Paul enlists the image of yeast here. Yeast causes the dough to rise, be puffed up. Paul wants us to clear our households of the old yeast, the yeast that corrupts, that he associates with evil. We are to be the new bread, the unleavened bread. Yeast also takes time for the bread to rise. When God sent the plague over Egypt to encourage Pharaoh to let God’s people go, they were to sprinkle the blood of the lamb over their door posts so the angel of death would Passover and not kill their firstborn. When they were finally ready to leave Egypt they did not have time to make bread that needed to rise. So they took with them unleavened bread. They were headed for a new way of life. A life of freedom, freedom to worship Yahweh as they were meant. And the unleavened bread was the bread, the bread of their freedom and new life, was thereafter used for their yearly Passover celebration of their Exodus from Egypt.

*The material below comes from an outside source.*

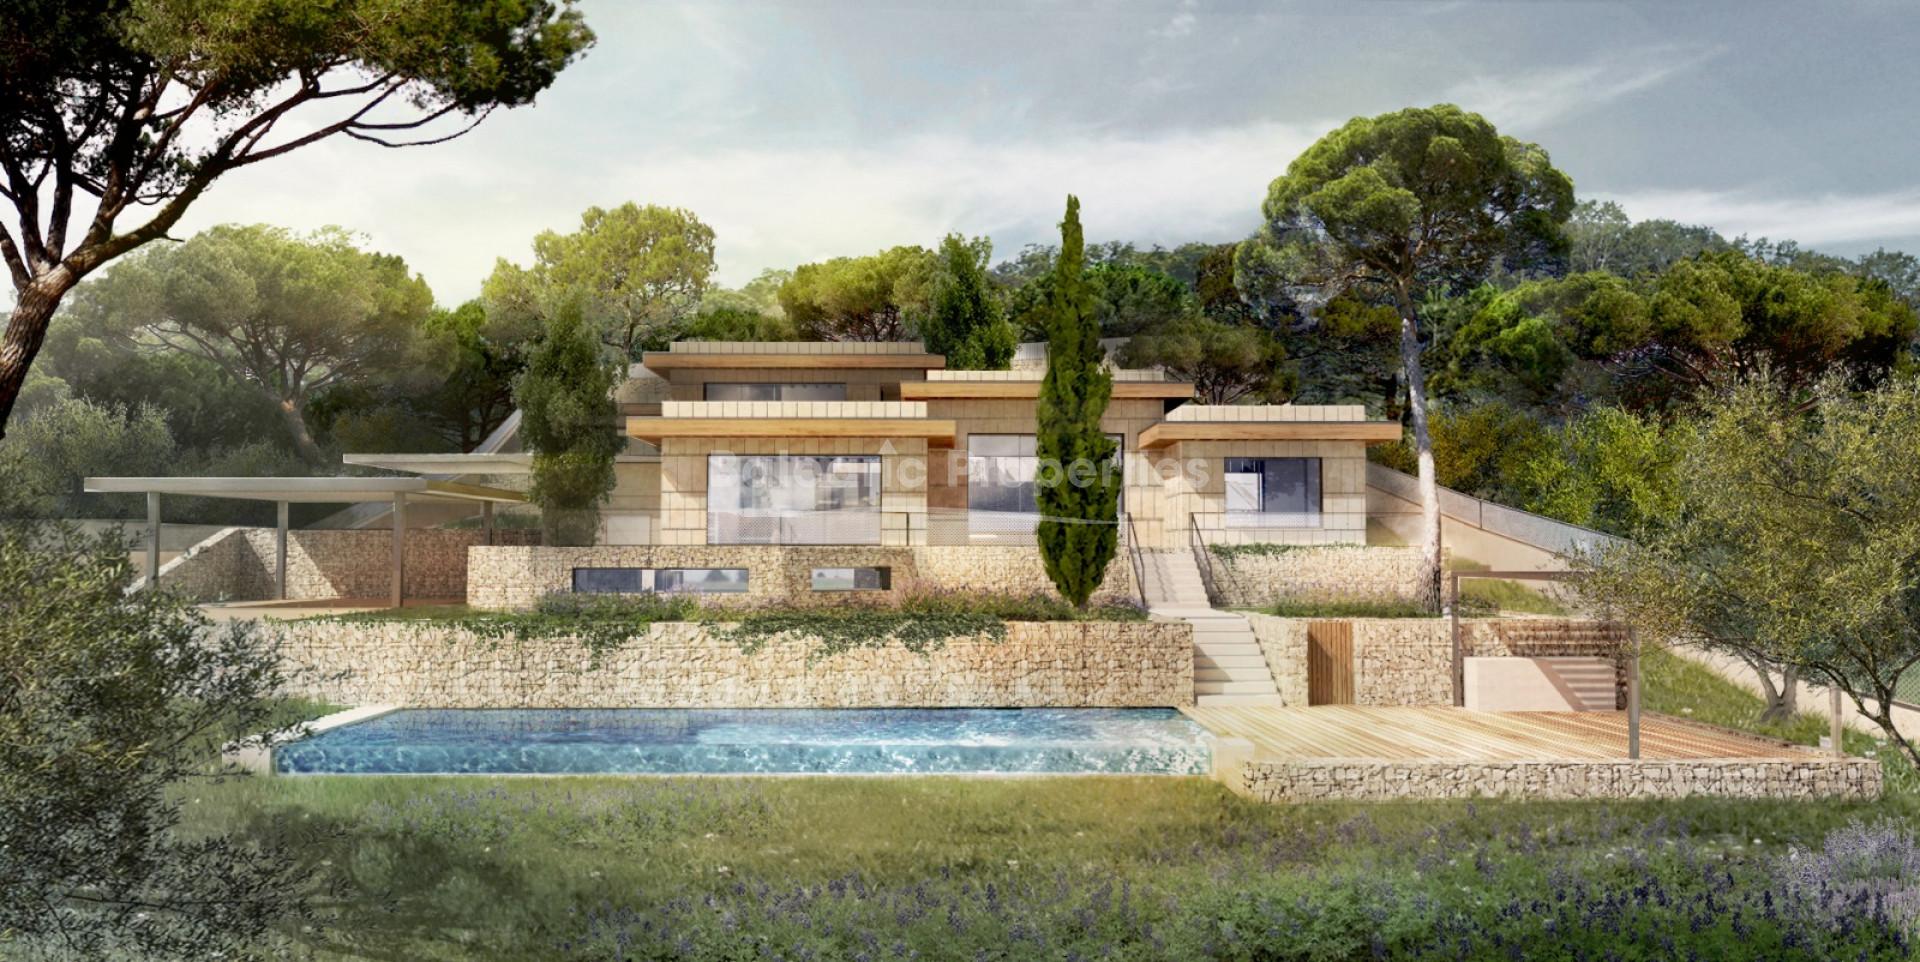 Villa project for sale beside the golf course in Santa Ponsa, Mallorca

Paul moves seamlessly from his image of the yeast and the new bread we are to be, to Christ as our Passover.  Our unleavened bread; shortly he will refer to the bread of life and institute the words we now use at the Eucharist. The words Jesus may have used as he celebrated the Passover with his friends the night before he died.

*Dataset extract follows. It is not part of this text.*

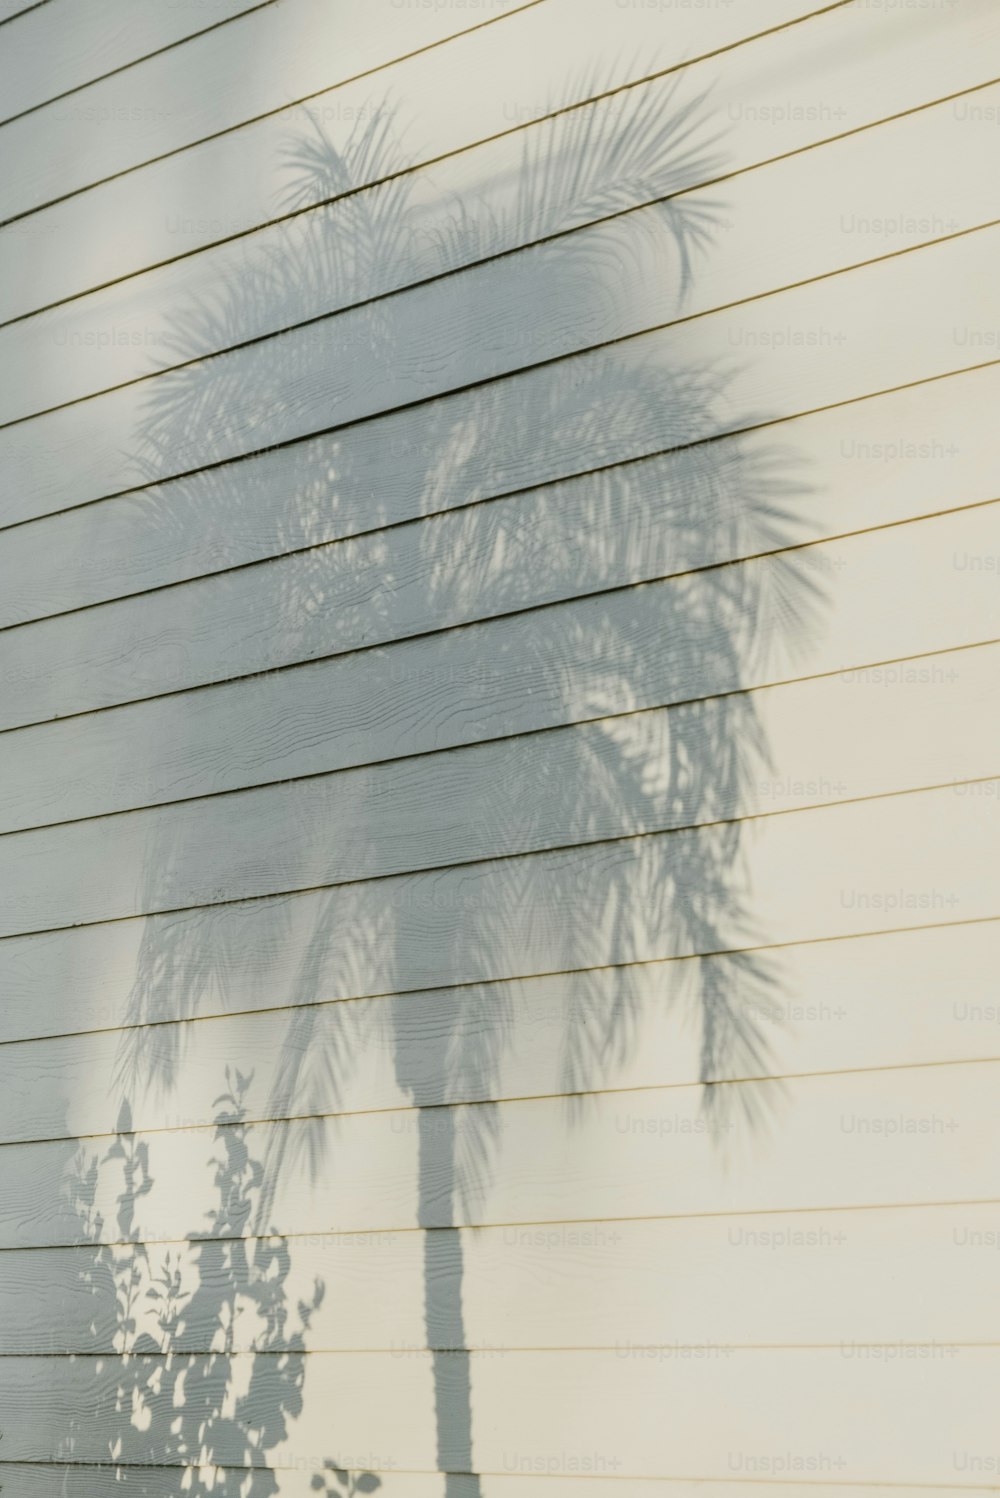 L’ombre d’un palmier sur le côté d’une maison

During the readings during Holy Week in my church last year a boy named Jacob read one of the passages about Jesus as the unleavened bread, our Passover.  But Jacob didn’t say unleavened, he said unleaving. Jesus was the unleaving bread. He kept to that way of the word throughout his reading. Jacob, you got it right! What a wonderful way of saying it. Jesus is our unleaving bread.

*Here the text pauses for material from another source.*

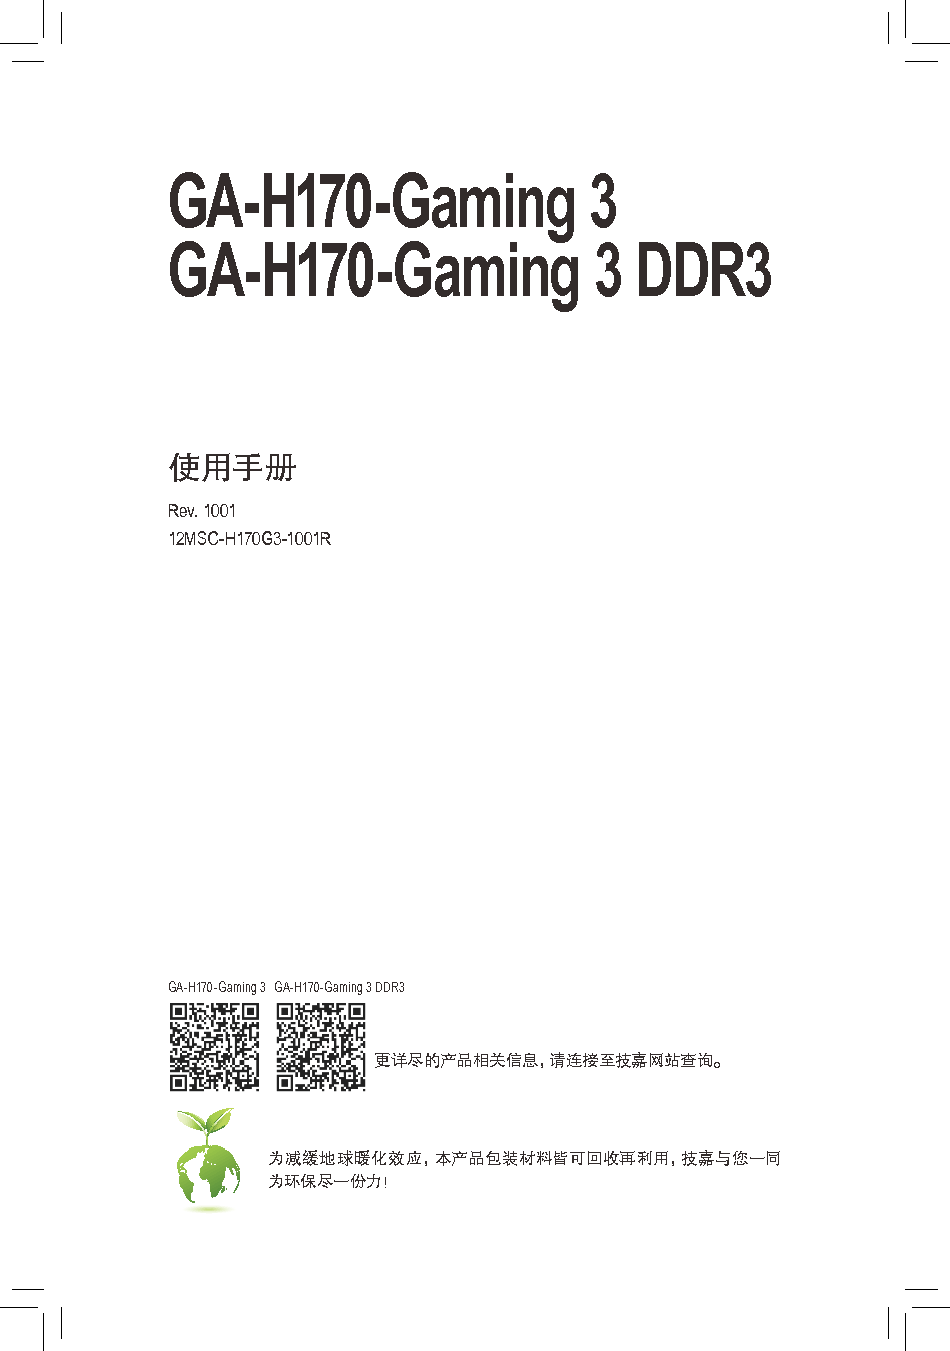 技嘉 Gigabyte GA-H170-Gaming 3 使用手册 封面

I wish Paul had been as insightful as Jacob. For Paul goes on to tell the newly formed community of followers not to eat with people who are wicked. But when Jesus was alive he ate with EVERYONE. Tax Collectors, Sinners, the Wicked.  Jesus even said that the wicked will be welcome in the kingdom of his Father. But after his death his disciples did not continue this practice. Paul here departs from the actions of Jesus, actions that enraged the religious establishment, upturned their purity laws. The wicked were unclean. The unclean were not allowed in the company of the elect. But Jesus didn’t care what the religious establishment thought of him. He cared more for those who came to him. I do realize that Paul wants his new converts to keep out of harm’s way, out of temptations way, until at least they are stronger in their faith. This too is an example from when the people went into Canaan, the land promised to them by Yahweh; they were to keep to themselves, as a way of strengthening their community. The way Elizabeth kept herself apart after Mary left her, so that her child, Jesus’ cousin and first Heralder, John the Baptist, might grow strong within his mother.  But apparently in the company of Jesus you were in the kingdom of God, no one was barred from admittance. With Jesus you experienced the action, the power of his grace-filledness, his life; he is our Passover, saving us from  death, saving us for life, saving us for a life beyond captivity, to be led out with only our daily bread; saving us so that we might find him and know that he journeys with us, accompanies and sustains us, pitches his tent with us, our unleaving bread.